### Given information
%%

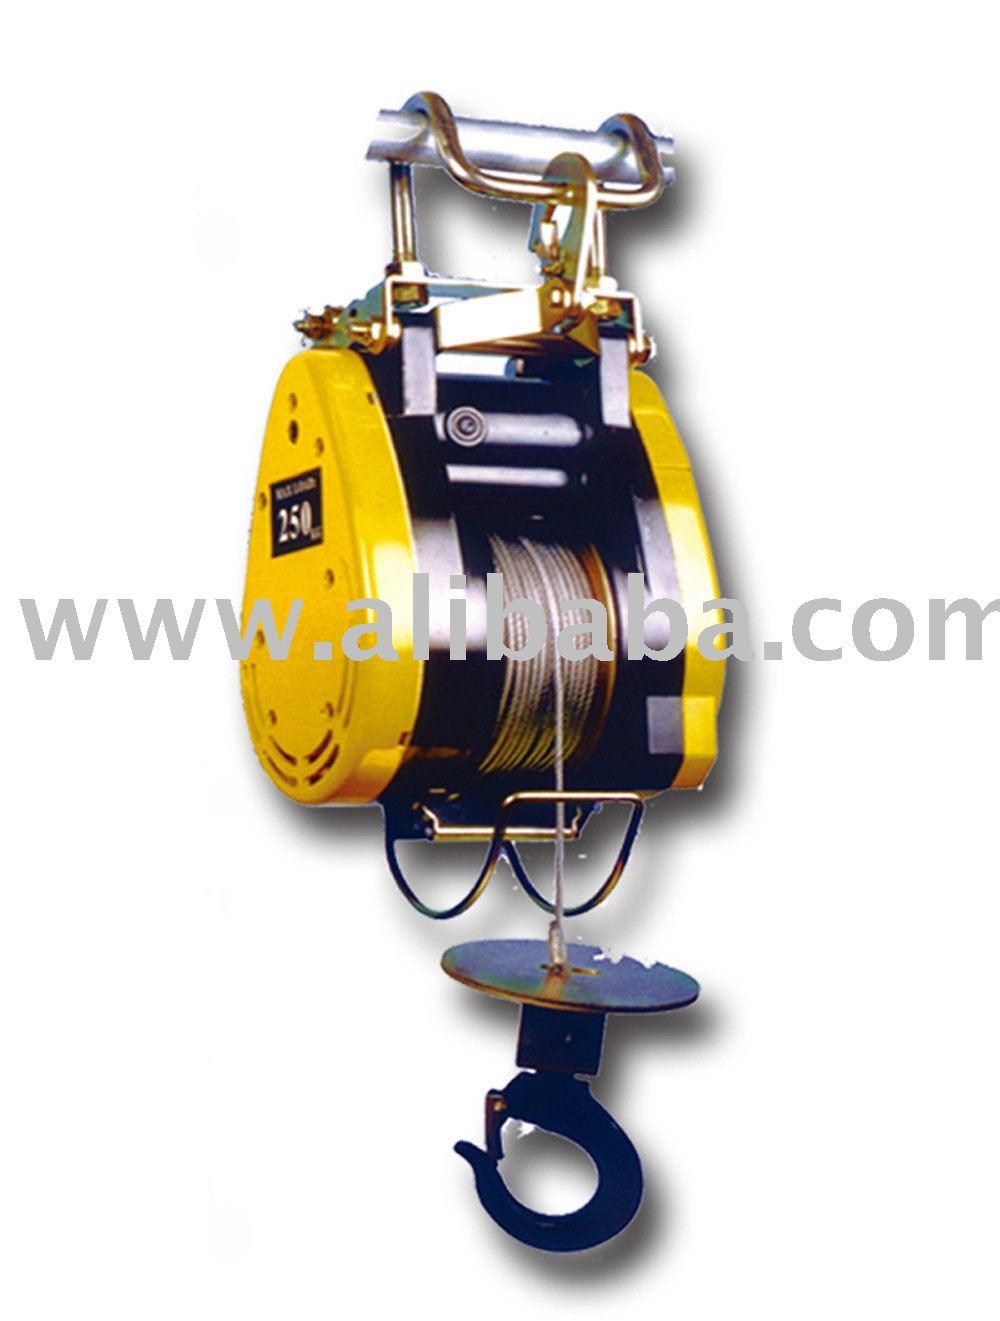 120 v ac portable electric hoist photo detailed about bth 250a 120
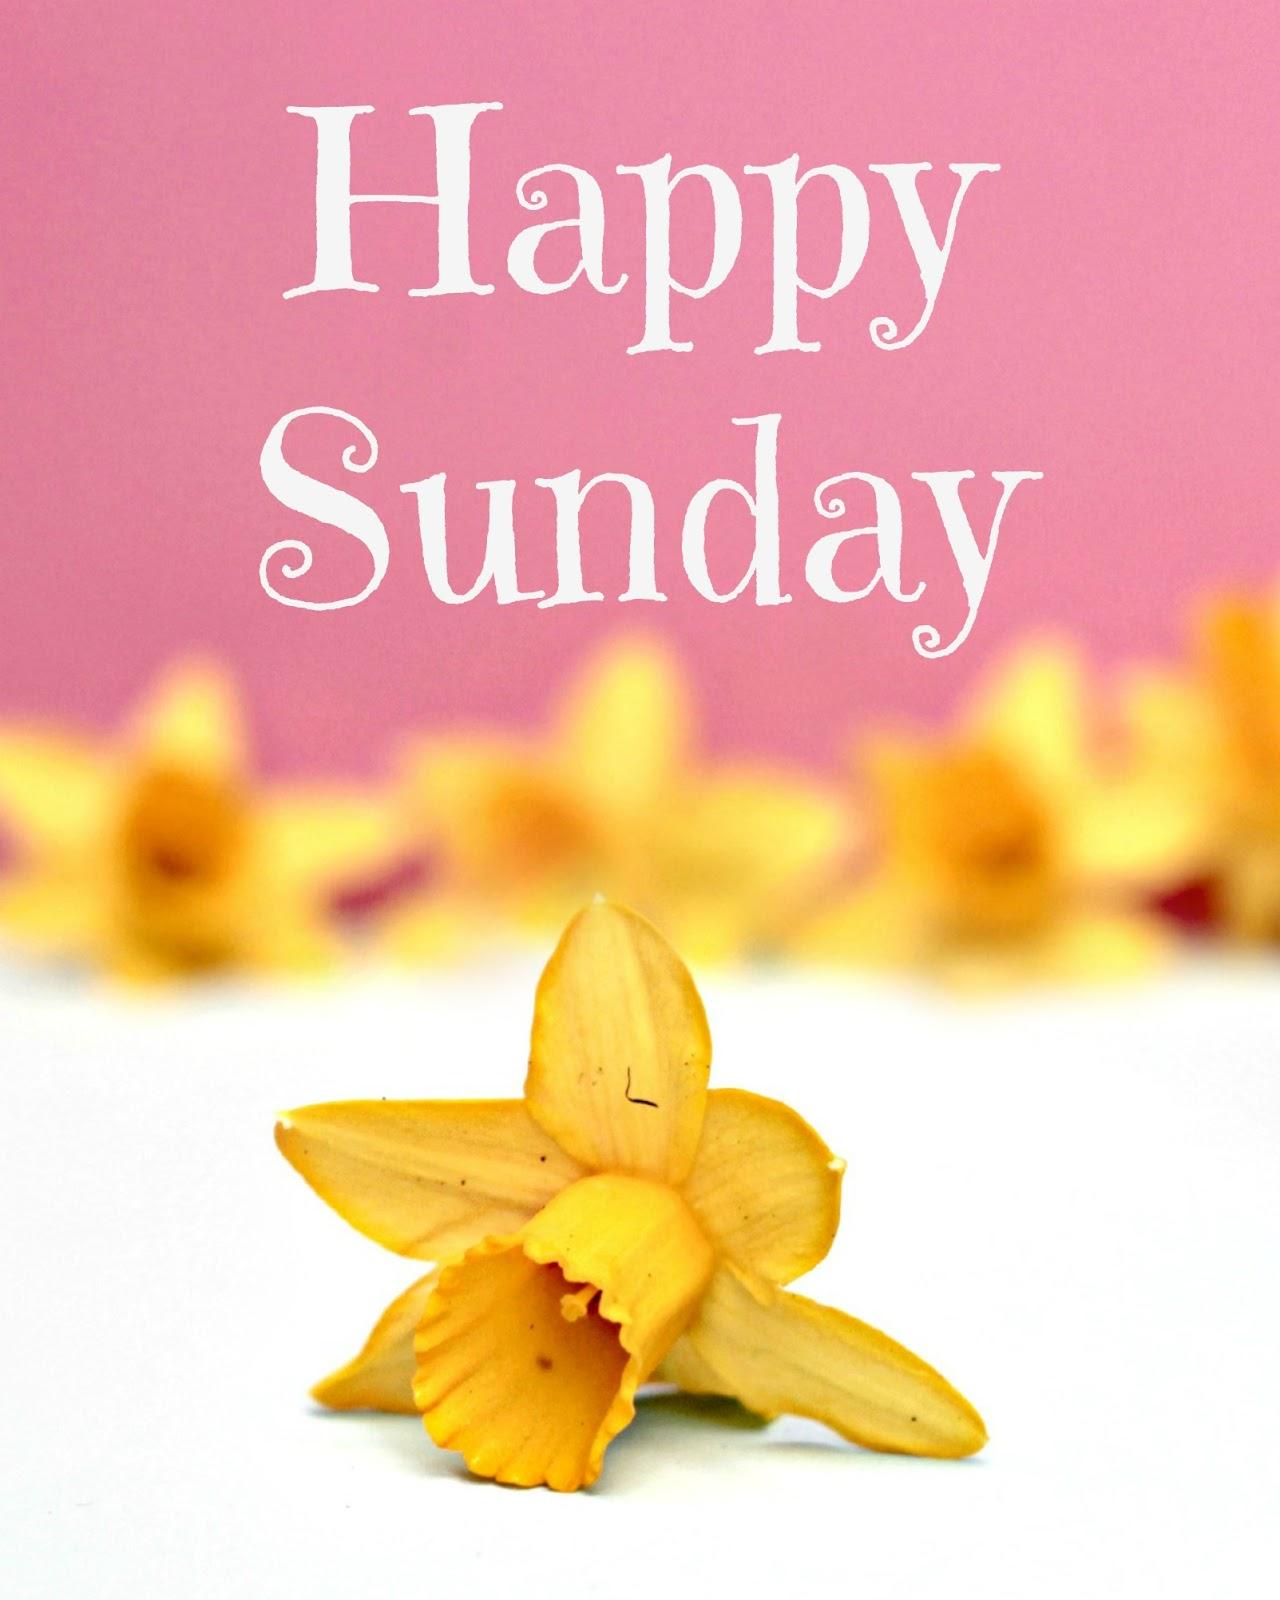 Happy sunday greeting cards m4hsunfo
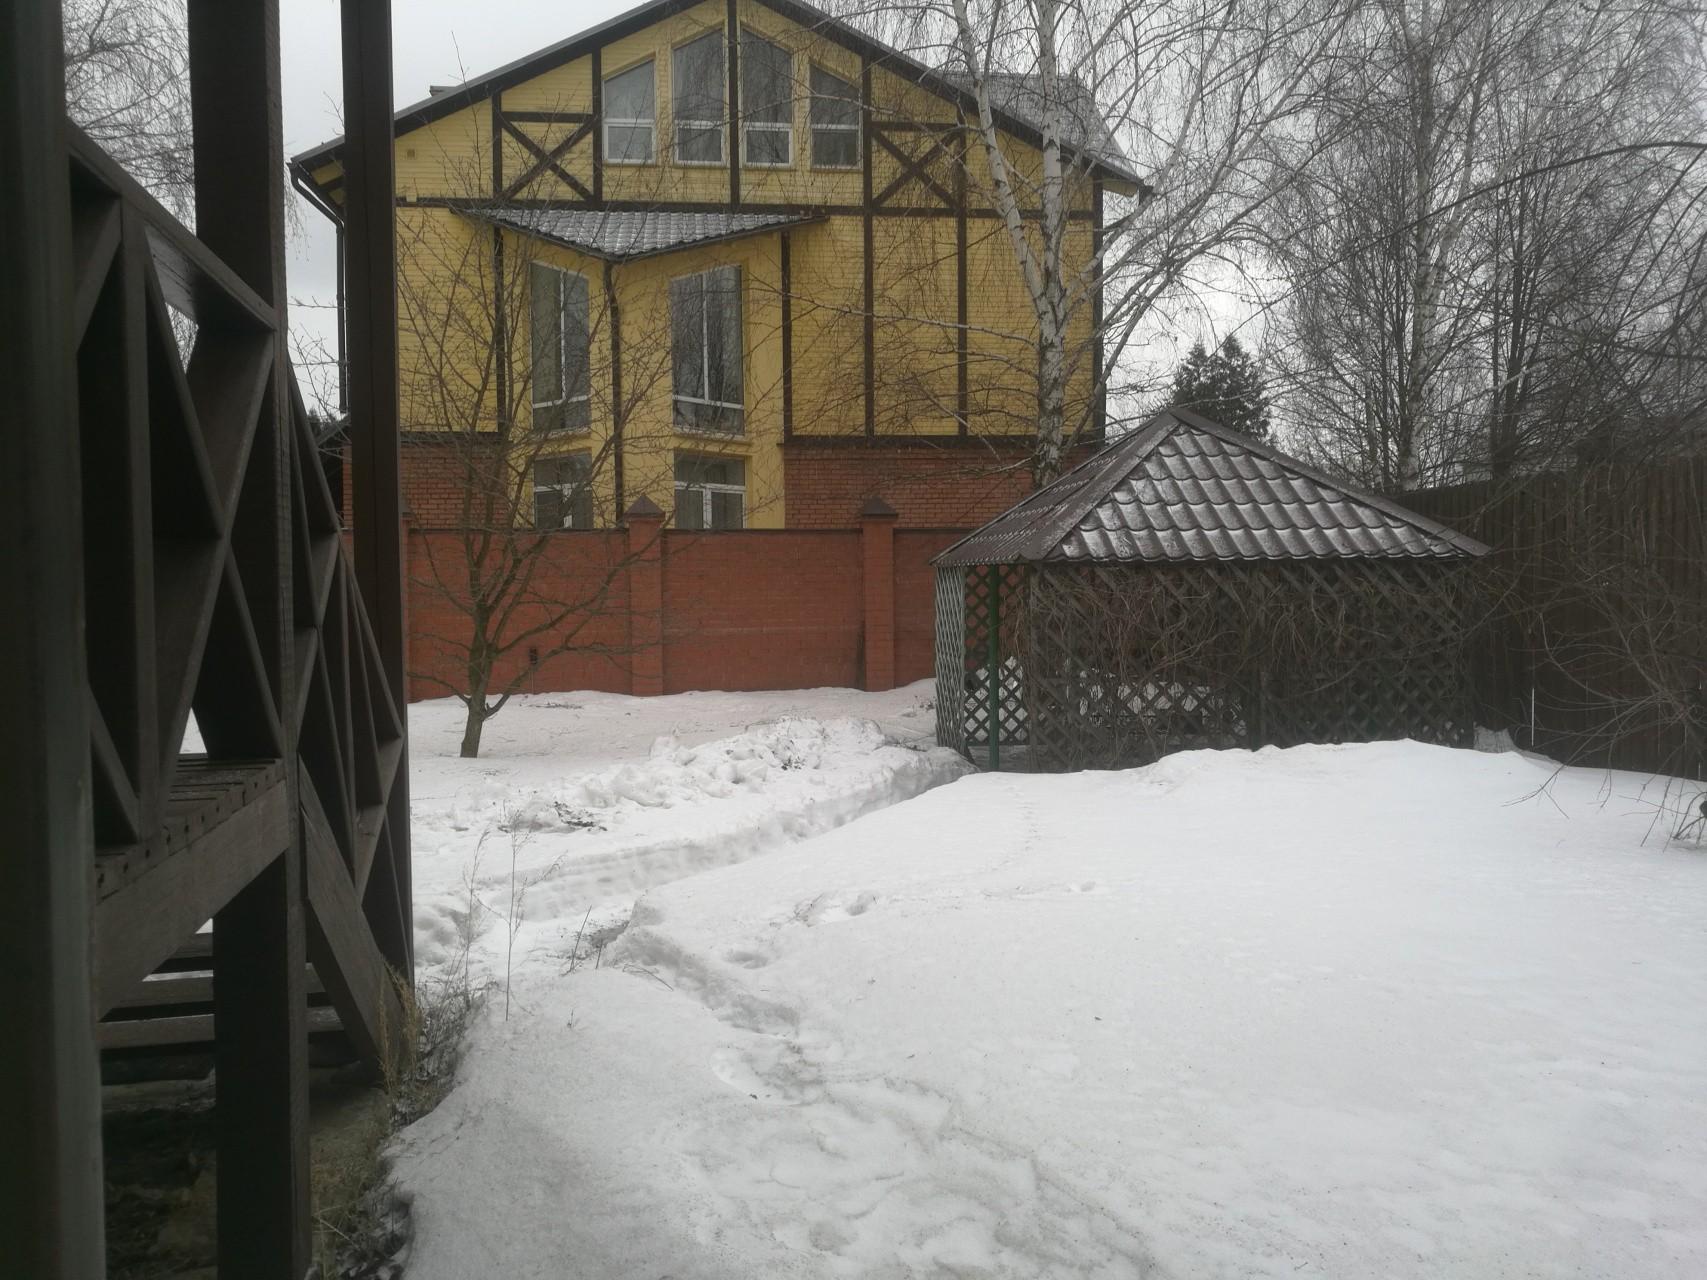 поселок родники раменский район фото

%%

### Exercise objective
Your copy of the listing should match it exactly, apart from the pictures, which are left out.

### Answer
 120 v ac portable electric hoist photo detailed about bth 250a 120
 Happy sunday greeting cards m4hsunfo
 поселок родники раменский район фото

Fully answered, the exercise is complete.